Titi saiu dali e Magali o seguiu sem desconfiar de nada. Sem que os dois vissem, Quim os seguia de longe. Ele não se conformava em ver Magali agindo daquela forma e só queria uma chance de falar com ela a sós, sem ninguém vendo. Talvez assim ela baixasse um pouco a guarda.

“O que aquele patife tá querendo com ela?” ele perguntou a si mesmo sentindo uma ponta de ciúmes. Se tinha sobrado somente os dois, era bem arriscado eles ficarem próximos demais.

Na rua de baixo, Magali viu um carro parado com os vidros escuros.

- Fica fria que vai ser rápido. Vem.

Quim se escondeu atrás de uma árvore e logo ficou preocupado. Para onde Titi a estava levando?

Quando os dois chegaram perto do carro, Titi bateu levemente no vidro e a porta se abriu. Foi tudo muito rápido.
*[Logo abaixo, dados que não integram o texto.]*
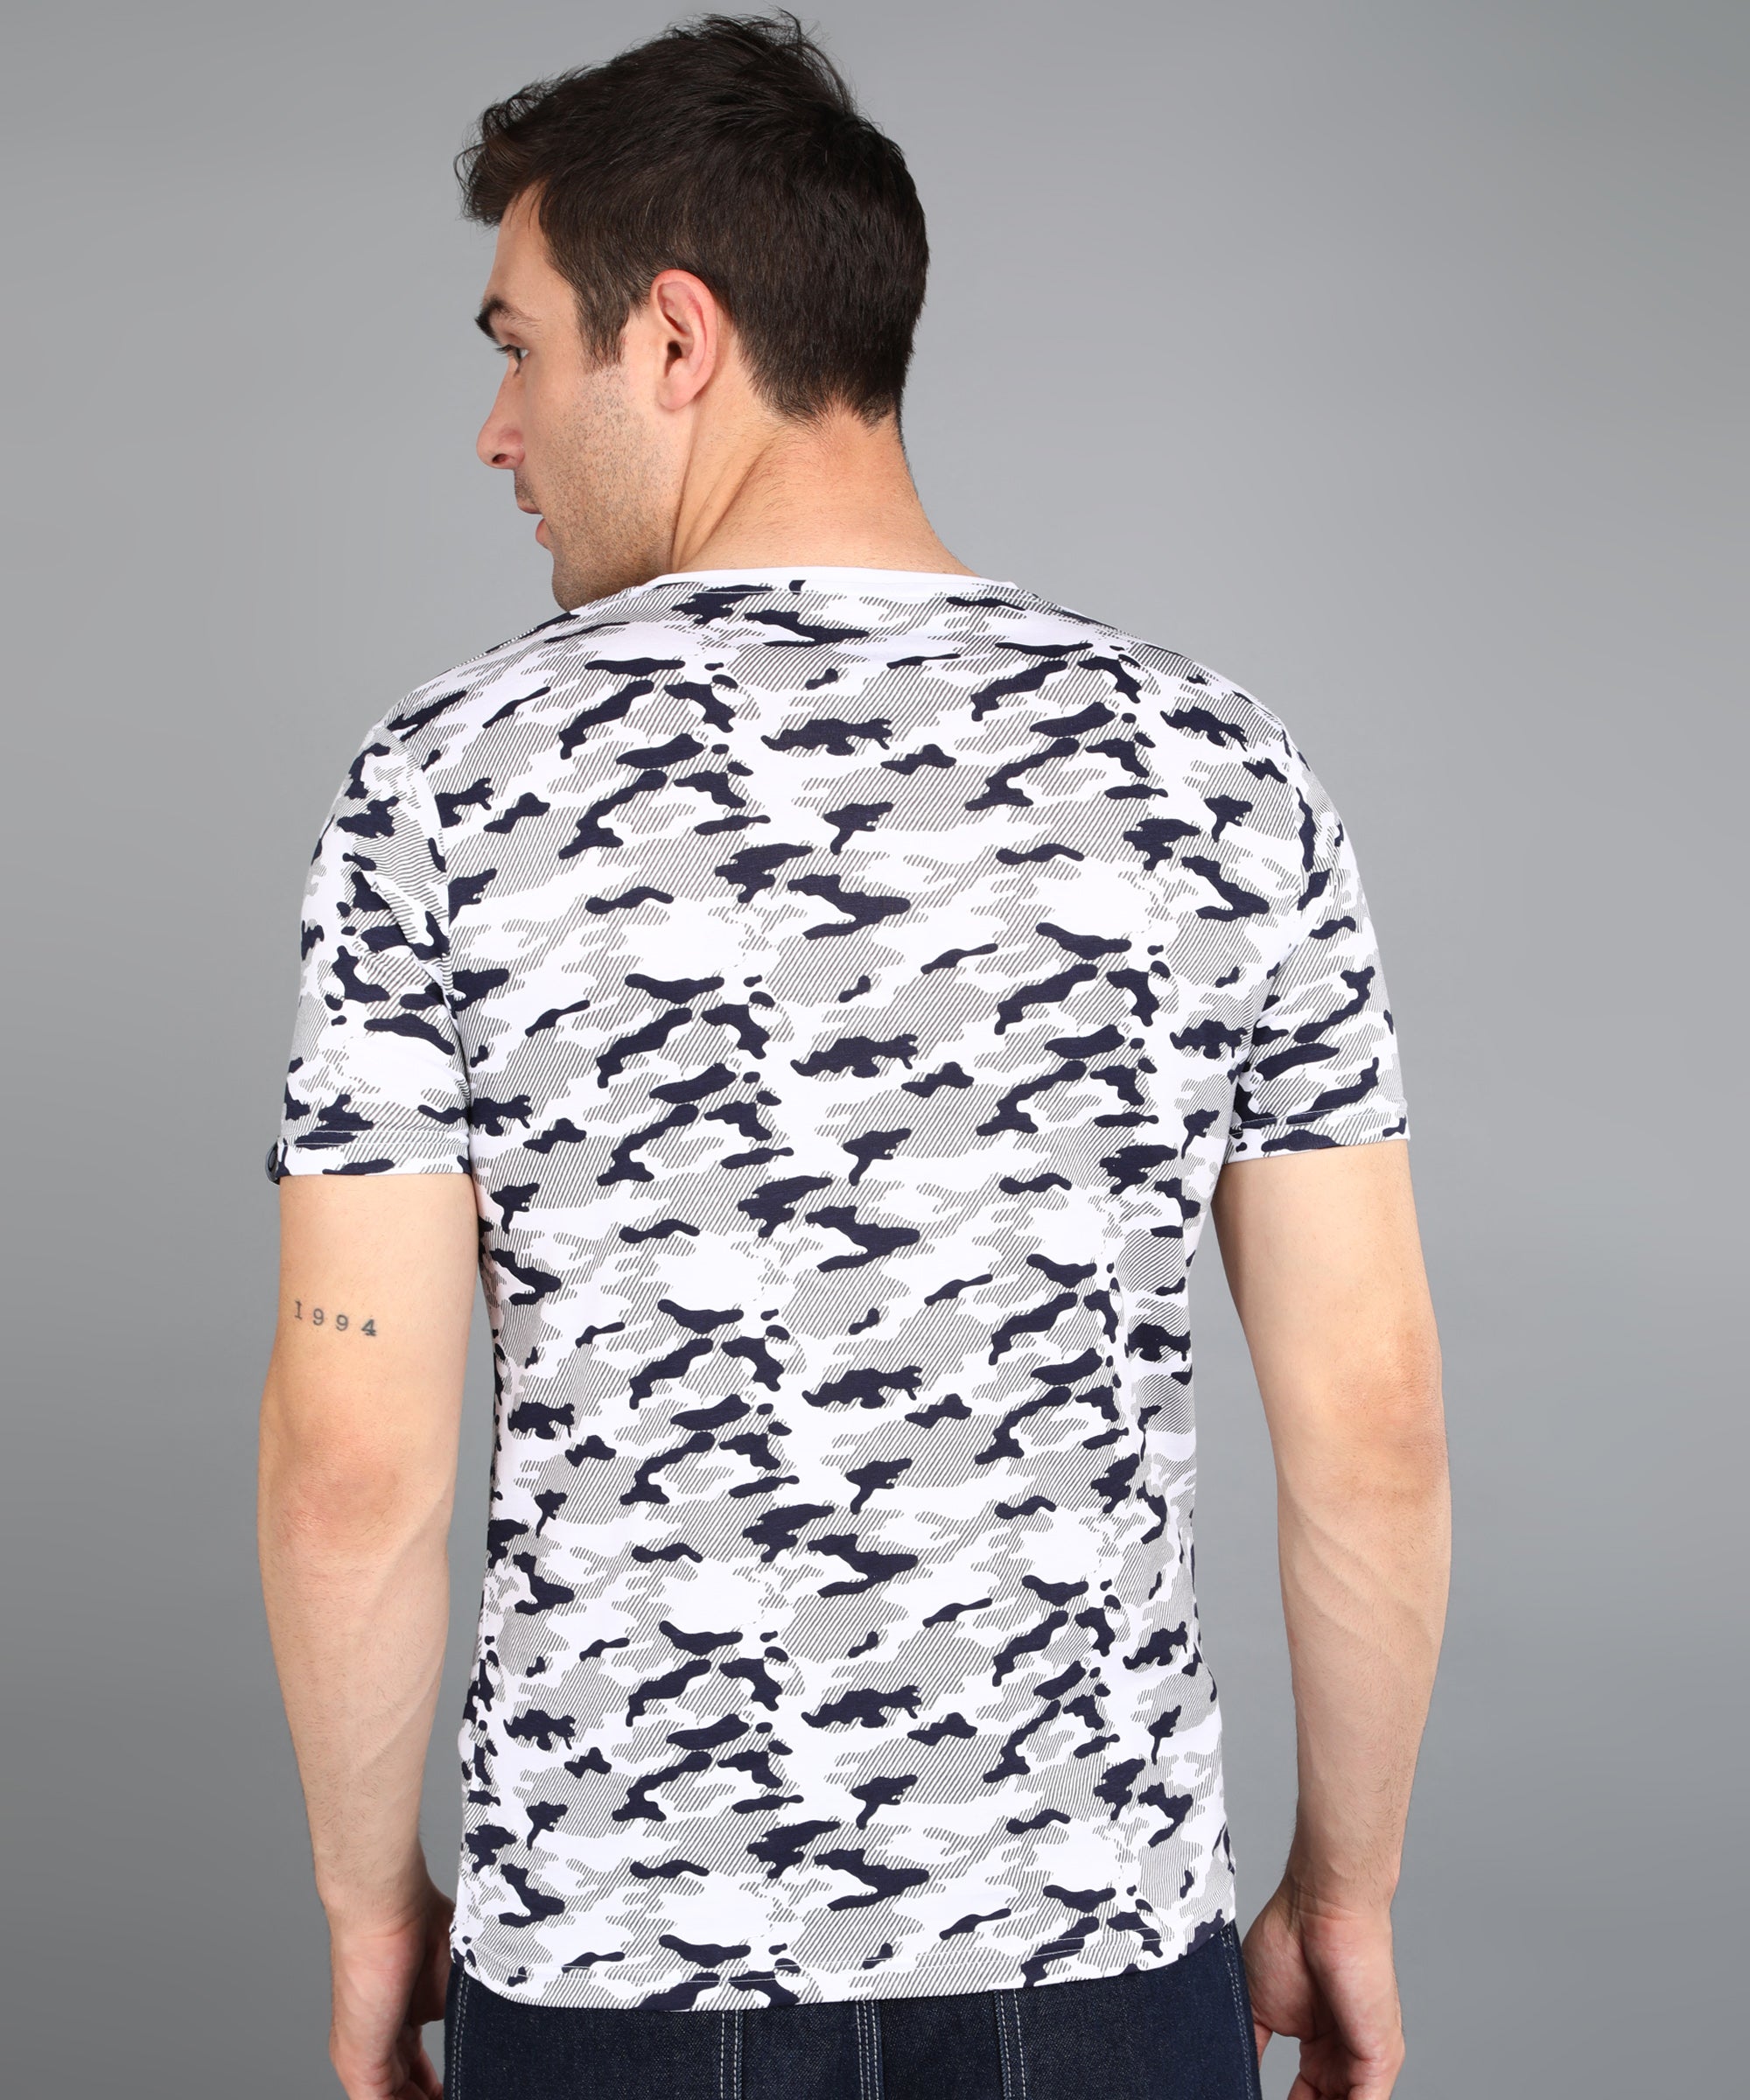 Urbano Fashion Men's White Military Camouflage Printed Slim Fit Half Sleeve Cotton T-Shirt

Antes que pudesse reagir, Magali viu um homem saindo rapidamente do carro e colocando um saco na sua cabeça.

- Ei, que é isso? Me soltem!

Como ela se debatia fortemente, um dos sujeitos lhe deu uma coronhada na cabeça, fazendo-a perder os sentidos. Eles entraram rapidamente no carro, que já estava com o motor ligado, e arrancaram dali chiando os pneus.

- Magali! Magali! – Quim veio gritando feito louco tentando correr atrás do carro. foi em vão. O veiculo desapareceu na esquina em questão de segundos, deixando o rapaz aflito e desesperado. O que aqueles marginais iam fazer com sua Magali?